After locating "Pink Oriental Jacquard" in the listing below, copy that line and each one after it exactly, ending with the line that has "2020_03_22_AndromedaFire-FireLP (74)-LR-2.jpg".

* Data in this exercise
--- START ---

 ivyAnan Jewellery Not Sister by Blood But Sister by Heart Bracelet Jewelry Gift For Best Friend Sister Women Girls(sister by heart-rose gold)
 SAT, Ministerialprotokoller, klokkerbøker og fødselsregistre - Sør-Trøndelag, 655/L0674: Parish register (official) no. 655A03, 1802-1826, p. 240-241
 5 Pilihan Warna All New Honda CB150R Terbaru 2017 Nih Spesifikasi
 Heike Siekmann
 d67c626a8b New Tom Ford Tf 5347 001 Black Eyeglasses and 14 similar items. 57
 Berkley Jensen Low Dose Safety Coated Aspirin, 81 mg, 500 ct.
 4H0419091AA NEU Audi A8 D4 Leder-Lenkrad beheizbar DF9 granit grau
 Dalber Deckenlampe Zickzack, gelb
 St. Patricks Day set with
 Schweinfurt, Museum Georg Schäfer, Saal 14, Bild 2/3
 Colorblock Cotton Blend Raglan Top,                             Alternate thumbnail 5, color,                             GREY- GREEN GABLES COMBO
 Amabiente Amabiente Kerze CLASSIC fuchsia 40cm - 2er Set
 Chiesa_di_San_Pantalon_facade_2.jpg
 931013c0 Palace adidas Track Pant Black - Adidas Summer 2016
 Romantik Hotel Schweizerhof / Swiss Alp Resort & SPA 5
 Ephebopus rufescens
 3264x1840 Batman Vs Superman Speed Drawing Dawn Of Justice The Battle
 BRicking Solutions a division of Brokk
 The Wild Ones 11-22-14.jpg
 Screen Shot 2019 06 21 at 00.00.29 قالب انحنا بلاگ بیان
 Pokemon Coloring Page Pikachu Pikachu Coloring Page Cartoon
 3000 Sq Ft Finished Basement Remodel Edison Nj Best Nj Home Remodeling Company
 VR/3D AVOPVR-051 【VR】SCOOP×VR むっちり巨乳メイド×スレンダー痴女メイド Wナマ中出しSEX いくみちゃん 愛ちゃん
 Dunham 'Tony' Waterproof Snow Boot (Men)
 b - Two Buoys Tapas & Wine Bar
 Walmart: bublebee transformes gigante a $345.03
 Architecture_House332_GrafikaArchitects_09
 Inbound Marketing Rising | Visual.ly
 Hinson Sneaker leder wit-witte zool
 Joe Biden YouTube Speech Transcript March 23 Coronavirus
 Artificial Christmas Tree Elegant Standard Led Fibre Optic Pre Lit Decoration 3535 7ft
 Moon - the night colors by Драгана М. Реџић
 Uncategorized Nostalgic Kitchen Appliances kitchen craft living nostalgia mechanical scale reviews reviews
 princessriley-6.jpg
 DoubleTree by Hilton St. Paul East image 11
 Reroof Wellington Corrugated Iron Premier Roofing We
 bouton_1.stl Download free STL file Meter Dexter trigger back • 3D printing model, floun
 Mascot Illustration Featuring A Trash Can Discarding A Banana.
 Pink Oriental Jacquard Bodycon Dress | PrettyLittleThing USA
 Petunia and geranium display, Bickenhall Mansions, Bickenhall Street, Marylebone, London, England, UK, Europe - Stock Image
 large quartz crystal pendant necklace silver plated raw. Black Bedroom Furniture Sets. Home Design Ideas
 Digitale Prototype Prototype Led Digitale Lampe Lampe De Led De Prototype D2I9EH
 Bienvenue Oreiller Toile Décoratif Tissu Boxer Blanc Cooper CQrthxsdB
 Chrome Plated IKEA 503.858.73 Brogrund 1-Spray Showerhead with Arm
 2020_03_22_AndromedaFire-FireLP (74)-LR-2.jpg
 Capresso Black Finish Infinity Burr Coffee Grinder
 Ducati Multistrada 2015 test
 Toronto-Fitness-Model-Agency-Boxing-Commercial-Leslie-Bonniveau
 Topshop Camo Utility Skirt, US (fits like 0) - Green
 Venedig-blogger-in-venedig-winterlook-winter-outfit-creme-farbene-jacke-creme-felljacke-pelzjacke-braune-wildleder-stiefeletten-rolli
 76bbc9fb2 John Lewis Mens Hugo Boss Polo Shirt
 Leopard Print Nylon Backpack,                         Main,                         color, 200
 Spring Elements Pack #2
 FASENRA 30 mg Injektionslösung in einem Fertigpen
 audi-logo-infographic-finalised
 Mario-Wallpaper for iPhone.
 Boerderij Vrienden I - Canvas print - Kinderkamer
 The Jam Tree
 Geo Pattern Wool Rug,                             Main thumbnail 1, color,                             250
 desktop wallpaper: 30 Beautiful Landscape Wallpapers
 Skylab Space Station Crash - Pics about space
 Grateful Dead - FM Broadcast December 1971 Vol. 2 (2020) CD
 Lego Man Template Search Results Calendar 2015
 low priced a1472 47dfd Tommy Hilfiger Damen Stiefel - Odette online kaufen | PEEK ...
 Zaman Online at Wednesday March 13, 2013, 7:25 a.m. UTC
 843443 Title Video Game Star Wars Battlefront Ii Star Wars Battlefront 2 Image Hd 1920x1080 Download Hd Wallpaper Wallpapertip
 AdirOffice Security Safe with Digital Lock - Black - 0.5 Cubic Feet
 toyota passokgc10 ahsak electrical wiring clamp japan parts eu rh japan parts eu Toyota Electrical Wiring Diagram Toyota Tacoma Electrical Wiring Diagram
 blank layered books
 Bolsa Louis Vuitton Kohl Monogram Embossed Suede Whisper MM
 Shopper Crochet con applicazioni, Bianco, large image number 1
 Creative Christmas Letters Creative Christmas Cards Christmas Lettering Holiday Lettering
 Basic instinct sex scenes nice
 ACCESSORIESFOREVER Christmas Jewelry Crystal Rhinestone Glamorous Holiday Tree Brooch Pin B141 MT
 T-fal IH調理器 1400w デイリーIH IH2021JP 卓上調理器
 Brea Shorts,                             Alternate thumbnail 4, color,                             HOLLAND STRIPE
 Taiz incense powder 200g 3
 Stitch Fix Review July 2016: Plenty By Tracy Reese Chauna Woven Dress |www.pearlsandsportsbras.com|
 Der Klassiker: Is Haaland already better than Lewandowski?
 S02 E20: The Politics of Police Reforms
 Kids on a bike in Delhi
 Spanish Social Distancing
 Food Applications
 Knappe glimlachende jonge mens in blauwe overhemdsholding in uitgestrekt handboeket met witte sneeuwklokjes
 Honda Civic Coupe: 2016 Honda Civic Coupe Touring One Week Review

--- END ---

* Task result
 Pink Oriental Jacquard Bodycon Dress | PrettyLittleThing USA
 Petunia and geranium display, Bickenhall Mansions, Bickenhall Street, Marylebone, London, England, UK, Europe - Stock Image
 large quartz crystal pendant necklace silver plated raw. Black Bedroom Furniture Sets. Home Design Ideas
 Digitale Prototype Prototype Led Digitale Lampe Lampe De Led De Prototype D2I9EH
 Bienvenue Oreiller Toile Décoratif Tissu Boxer Blanc Cooper CQrthxsdB
 Chrome Plated IKEA 503.858.73 Brogrund 1-Spray Showerhead with Arm
 2020_03_22_AndromedaFire-FireLP (74)-LR-2.jpg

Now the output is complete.